Young and old follow with intense interest every movement of the shipwrecked mariner when he first swims to the stranded ship, constructs a raft, and places on it "bread, rice, three Dutch cheeses, five pieces of dried goat's flesh, a little remainder of European corn, and the carpenter's chest." Readers do not accompany him passively as he lands the raft and returns. They work with him; they are not only made a part of all Crusoe's experience, but they react on it imaginatively; they suggest changes; they hold their breath or try to assist him when he is in danger. Defoe's genius in making the reader a partner in Robinson Crusoe's adventures has not yet received sufficient appreciation. The author could never have secured such a triumph if he had not compelled readers to take an active part in the story.

It was for a long time thought that Defoe was ignorant, that he accidentally happened to write Robinson Crusoe because he had been told of the recent experience of Alexander Selkirk on a solitary island in the Pacific. It is now known that Defoe was well educated, versed in several languages, and the most versatile writer of his time. Robinson Crusoe was no more of an accident than any other creation of genius.

Defoe's other principal works of fiction are: Memoirs of a Cavalier, the story of a soldier's adventures in the seventeenth century; The Life, Adventures, and Piracies of the Famous Captain Singleton, a graphic account of adventures in a journey across Africa; Moll Flanders, a story of a well-known criminal; and A Journal of the Plague Year, a vivid, imaginative presentation, in the most realistic way, of the horrors of the London plague in 1665. These works are almost completely overshadowed by Robinson Crusoe; but they also show Defoe's narrative power and his ability to make fiction seem an absolute reality. In writing Gulliver's Travels, Swift received valuable hints from Defoe. Stevenson's Treasure Island is the most successful of the almost numberless stories of adventure suggested by Robinson Crusoe.

JONATHAN SWIFT, 1667-1745



Life.—Swift, one of the greatest prose writers of the eighteenth century, was born of English parents in Dublin in 1667. It is absolutely necessary to know something of his life in order to pass proper judgment on his writings. A cursory examination of his life will show that heredity and environment were responsible for many of his peculiarities. Swift's father died a few months before the birth of his son, and the boy saw but little of his mother.

Swift's school and college life were passed at Kilkenny School and Trinity College, Dublin. For his education he was indebted to an uncle, who made the boy feel the bitterness of his dependence. In after times he said that his uncle treated him like a dog. Swift's early experience seems to have made him misanthropic and hardened to consequences, for he neglected certain studies, and it was only by special concession that he was allowed to take his A.B. degree in 1686.

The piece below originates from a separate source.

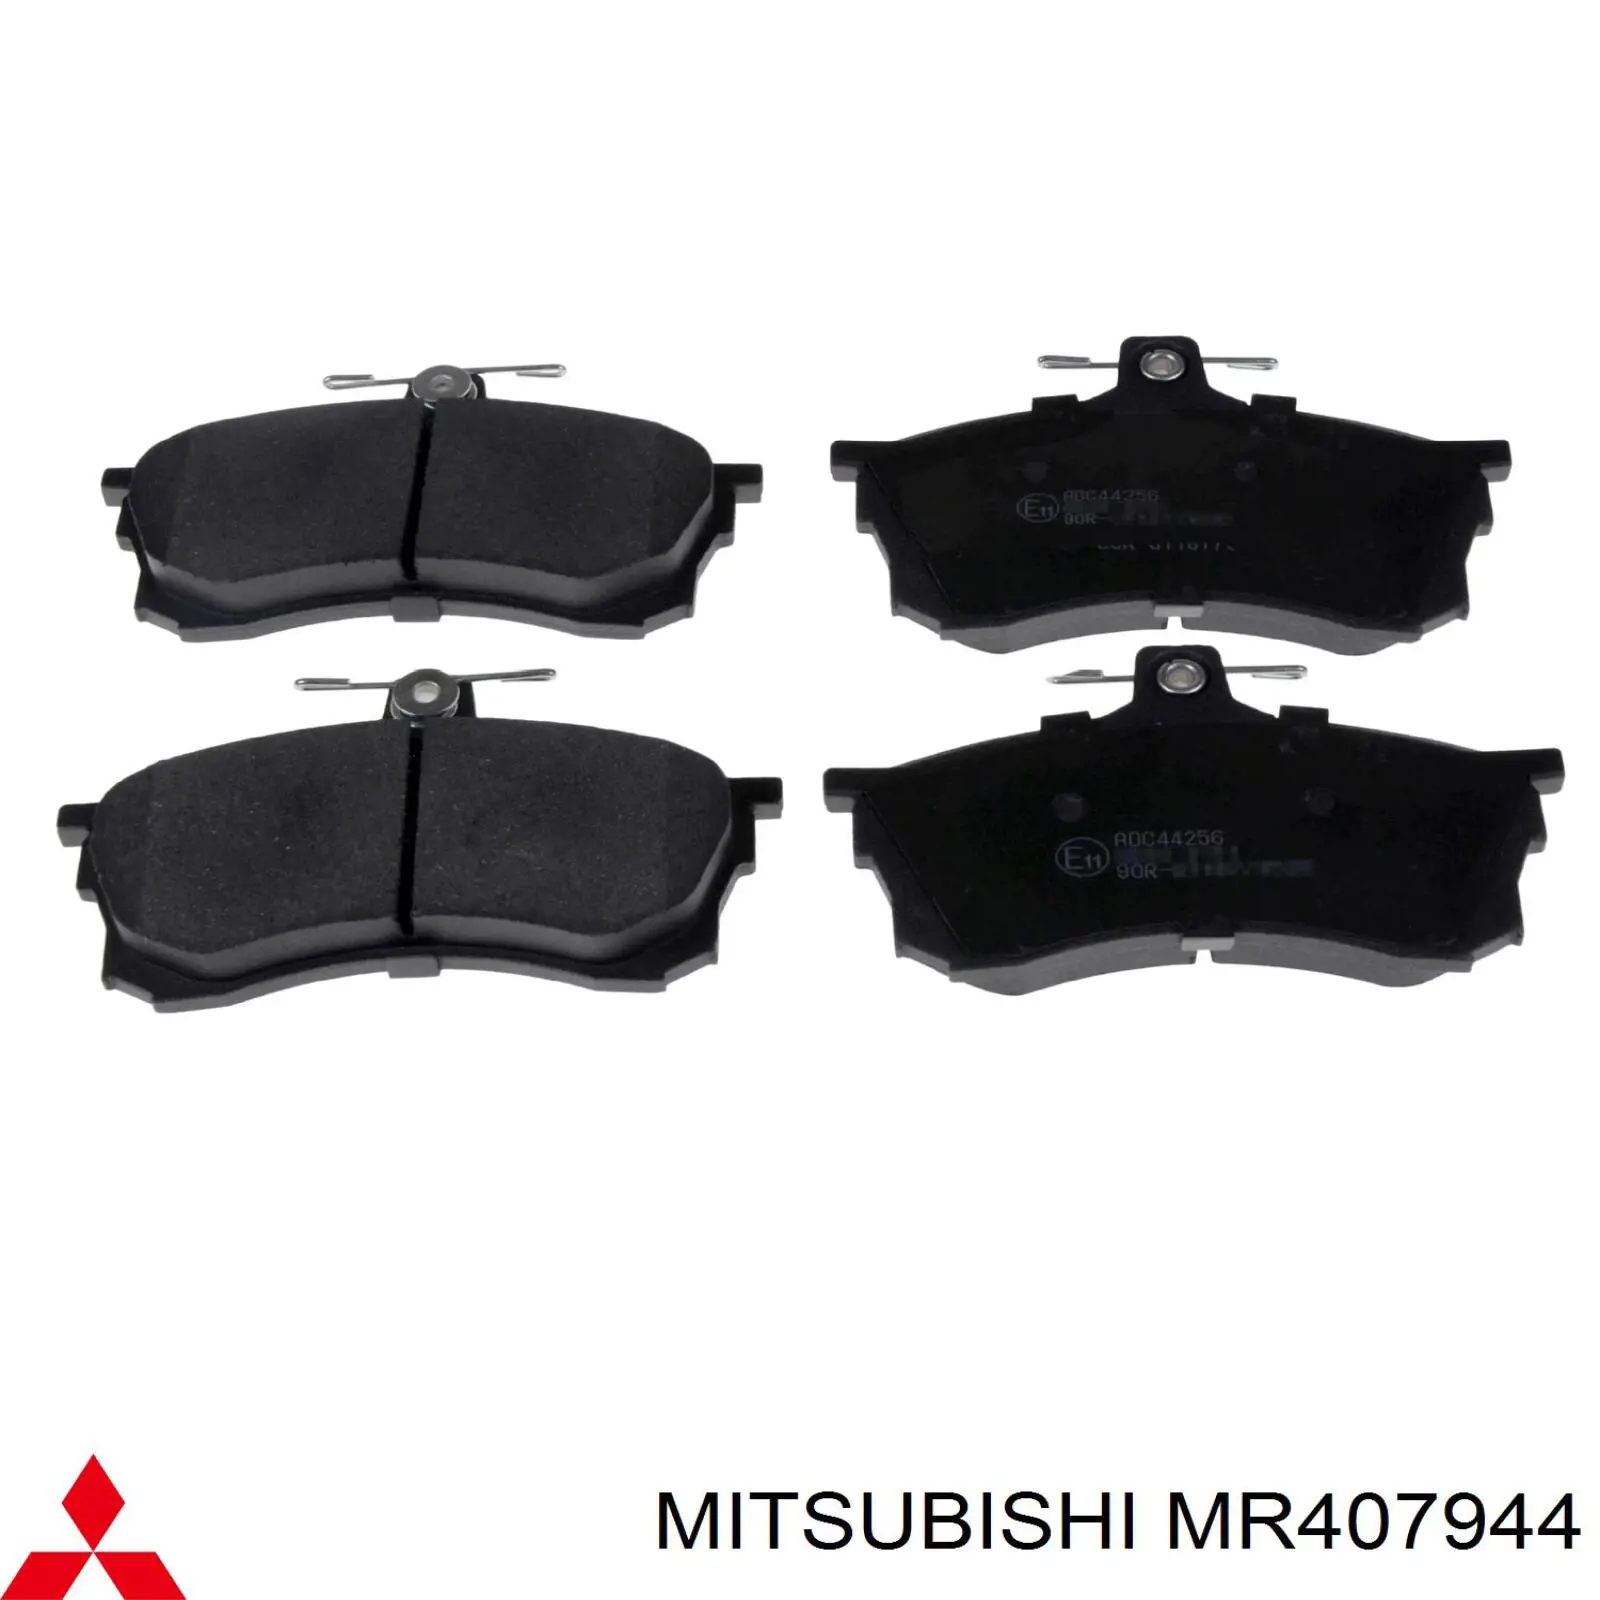 MR407944 Mitsubishi колодки тормозные передние дисковые
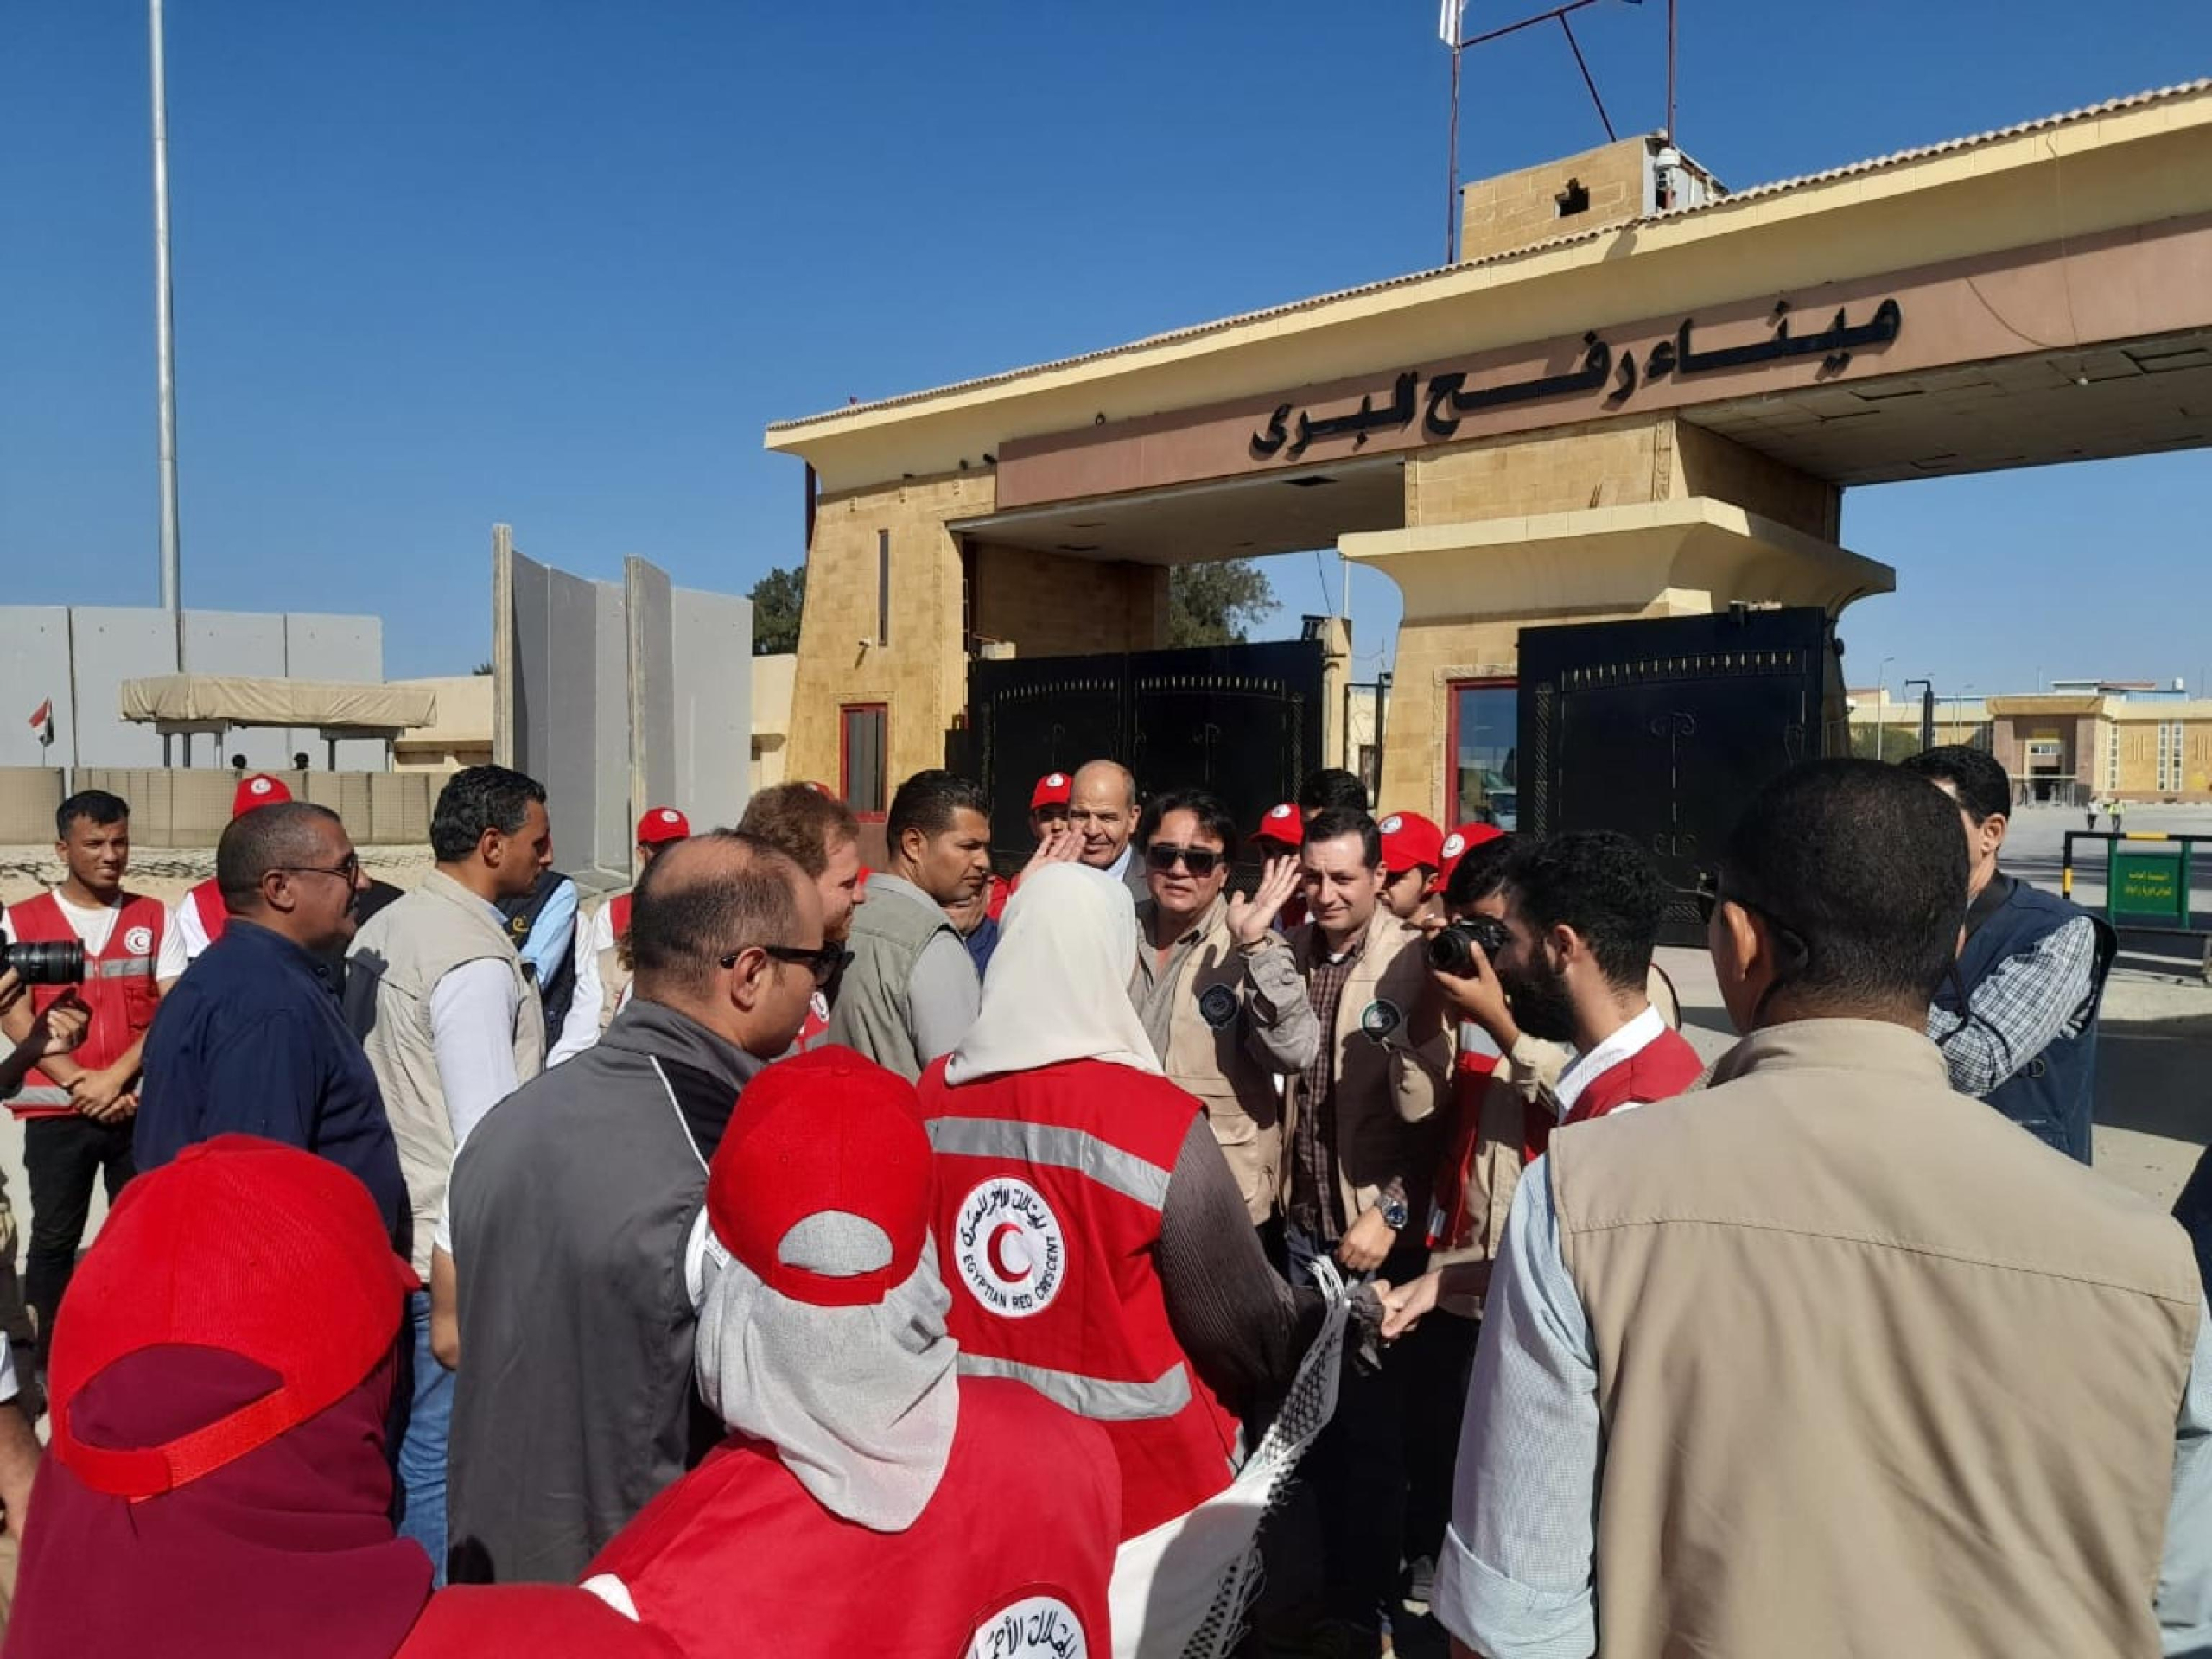 Nevine Al-Qabbaj, ministro della Solidarietà Sociale, accompagnato da Hisham Al-Kholy, vicegovernatore del Nord Sinai, ha ispezionato i camion umanitari davanti al valico di Rafah nel Nord Sinai e i magazzini degli aiuti nella città di Al-Arish e hanno visitato i palestinesi feriti. Il ministro ha confermato la consegna di circa 30.000 tonnellate di aiuti umanitari e di soccorso alla Striscia di Gaza, di cui 16.000 tonnellate dallo Stato egiziano, 10.000 tonnellate da organizzazioni e agenzie internazionali e 4.000 tonnellate da diversi paesi arabi e stranieri. ANSA/UFFICIO DELL'INFORMAZIONE EGIZIANO

After leaving college, he spent almost ten years as the private secretary of Sir William Temple, at Moor Park in Surrey, about forty miles southwest of London. Temple had been asked to furnish some employment for the young graduate because Lady Temple was related to Swift's mother. Here Swift was probably treated as a dependent, and he had to eat at the second table. Finally, this life became so intolerable that he took holy orders and went to a little parish in Ireland; but after a stay of eighteen months he returned to Moor Park, where he remained until Temple's death in 1699. Swift then went to another little country parish in Ireland. From there he visited London on a mission in behalf of the Episcopal Church in Ireland. He quarreled with the Whigs, became a Tory, and assisted that party by writing many political pamphlets. The Tory ministry soon felt that it could scarcely do without him. He dined with ministers of state, and was one of the most important men in London; but he advanced the interests of his friends much better than his own, for he got little from the government except the hope of becoming bishop. In 1713 he was made dean of St. Patrick's Cathedral, Dublin. In 1714, Queen Anne died, the Tories went out of power, and Swift returned to Ireland, a disappointed man. He passed the rest of his life there, with the exception of a few visits to England.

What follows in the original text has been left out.